Claiming Our July 4th Birthright

COMMENTARY American History

Claiming Our July 4th Birthright

Jul 9, 2024 5 min read
COMMENTARY BY
Brenda Hafera

Assistant Director and Senior Policy Analyst, Simon Center

Brenda is the Assistant Director and Senior Policy Analyst for the Simon Center for American Studies at The Heritage Foundation.
There was a time when presidents offered eloquent speeches on America’s birthday—ones aimed at fostering unity and gratitude. © CORBIS / Corbis / Getty Images

Key Takeaways

It’s all too easy to forget the remarkableness of the deeds done, the selflessness of the risks taken, and the magnitude of the accomplishments of our Founders.

Such reflections serve to inspire, just as they humble. Contemporary Americans are the posterity, but not the singular source, of America’s material blessings.

In Fourth of Julys gone by, Abraham Lincoln and Calvin Coolidge delivered two speeches worthy of Americans’ lasting consideration.

Some July 4th traditions endure better than others. We’ll always have fireworks, parades, and family picnics, it seems. But there was also a time when presidents offered eloquent speeches on America’s birthday—ones aimed at fostering unity and gratitude. And who can deny we could use more of that in such fractious times?

Sure, few of us would clamor for another presidential speech. But in an age where we’re losing a sense of who we are and the significance of our heritage, it’s a tradition worth renewing, especially with our 250th anniversary on the horizon.

Both Abraham Lincoln and Calvin Coolidge delivered particularly notable July 4th speeches. In his opening, Coolidge noted that, “It is to pay our tribute of reverence and respect to those who participated in such a mighty event that we annually observe the fourth day of July.” The event, of course, was the birth of a new nation.

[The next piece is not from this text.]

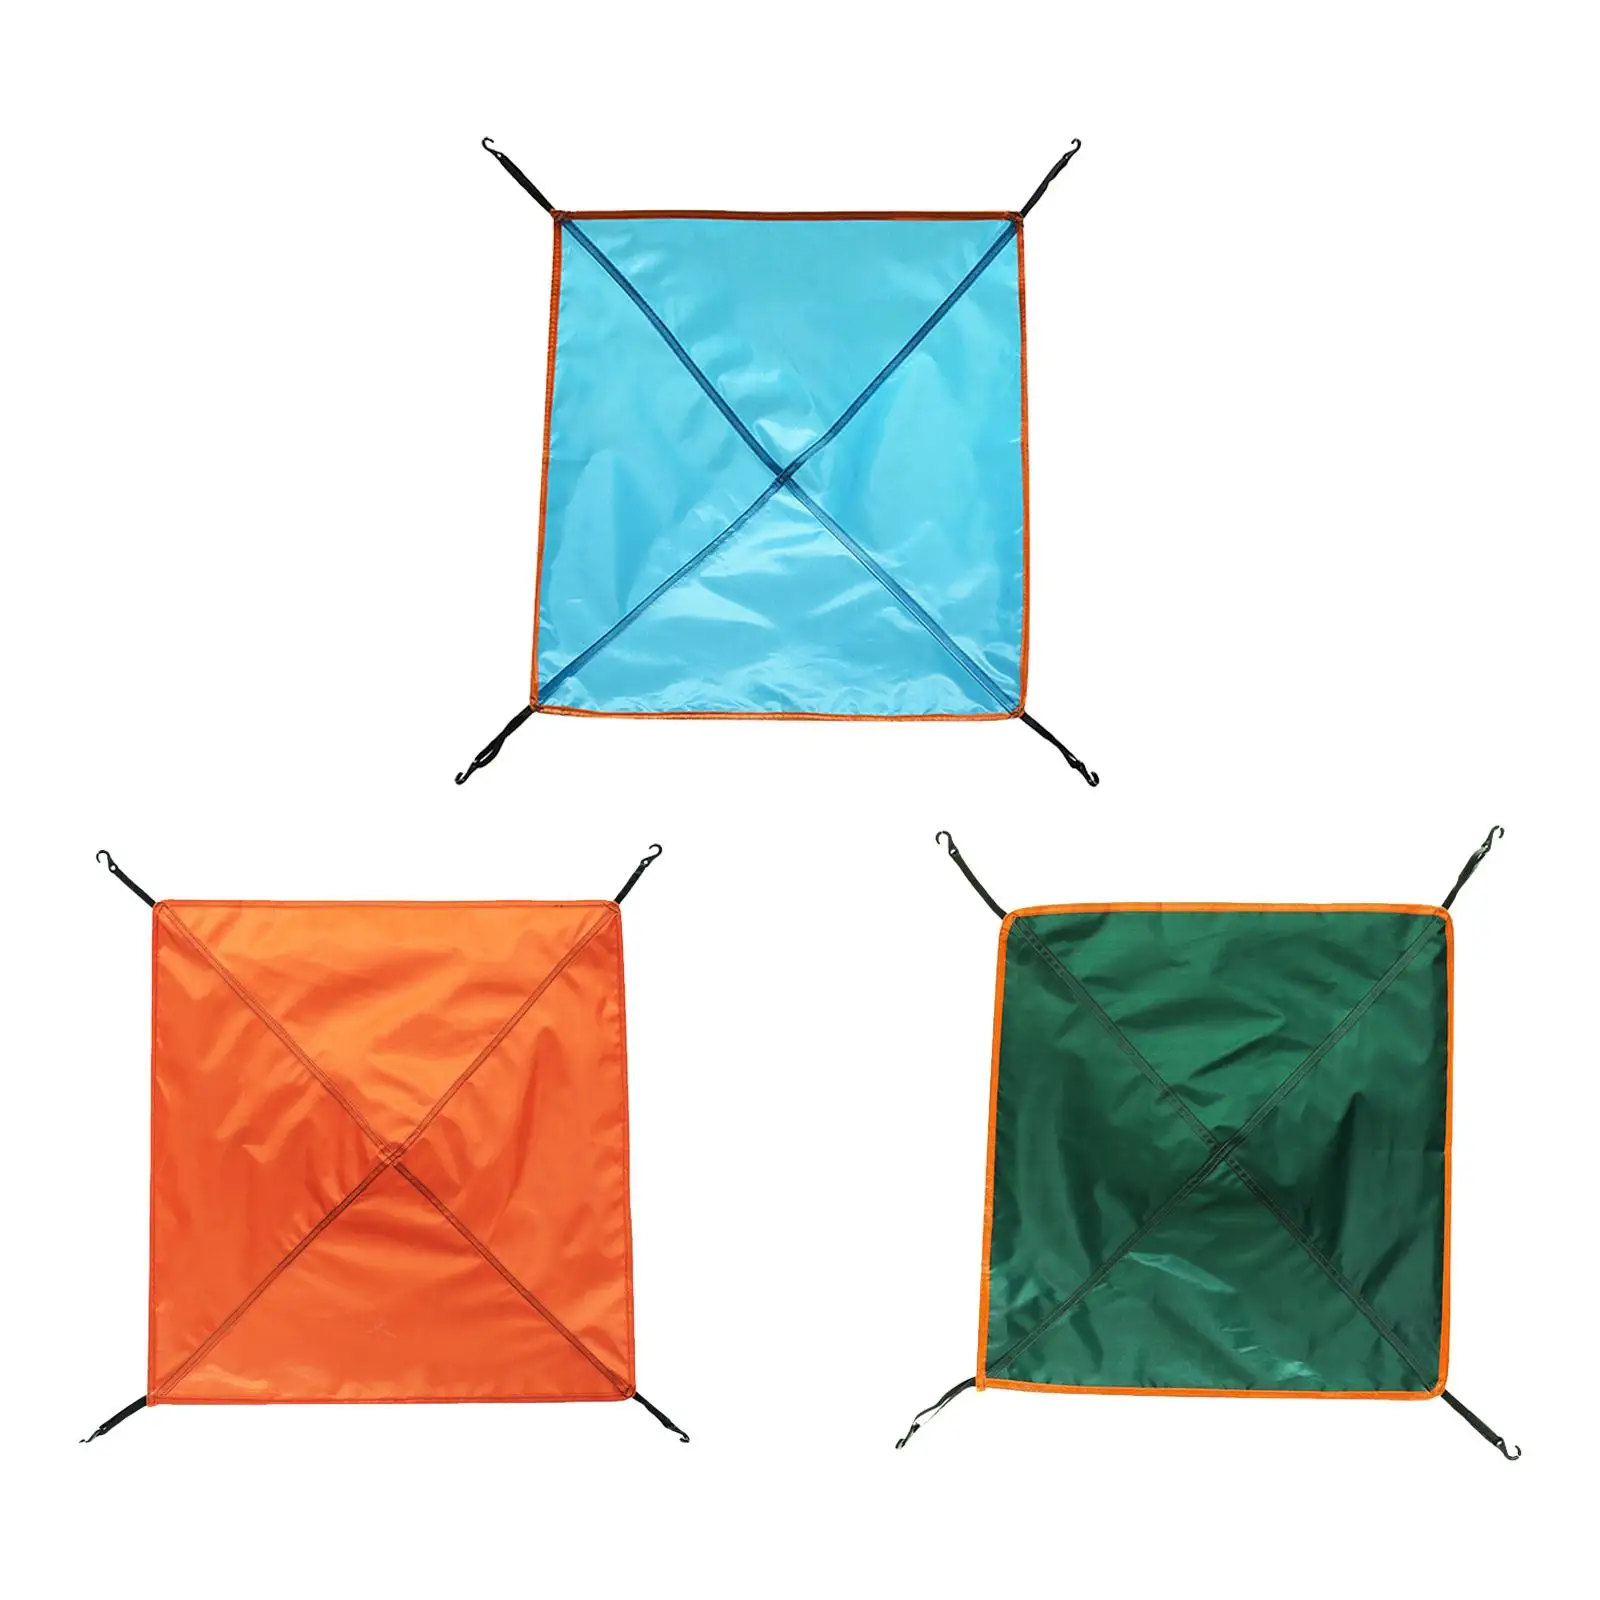 Waterproof Camping , Easy to Cover The  Rain, Large Compact Tent es for  Or under The Tent

It’s all too easy to forget the remarkableness of the deeds done, the selflessness of the risks taken, and the magnitude of the accomplishments of our Founding Fathers. General George Washington defeated the most formidable military in the world. The Constitution was the “miracle of Philadelphia,” and remains the oldest written constitution in existence. Such undertakings were assumed for the benefit of not only those first Americans, but their posterity.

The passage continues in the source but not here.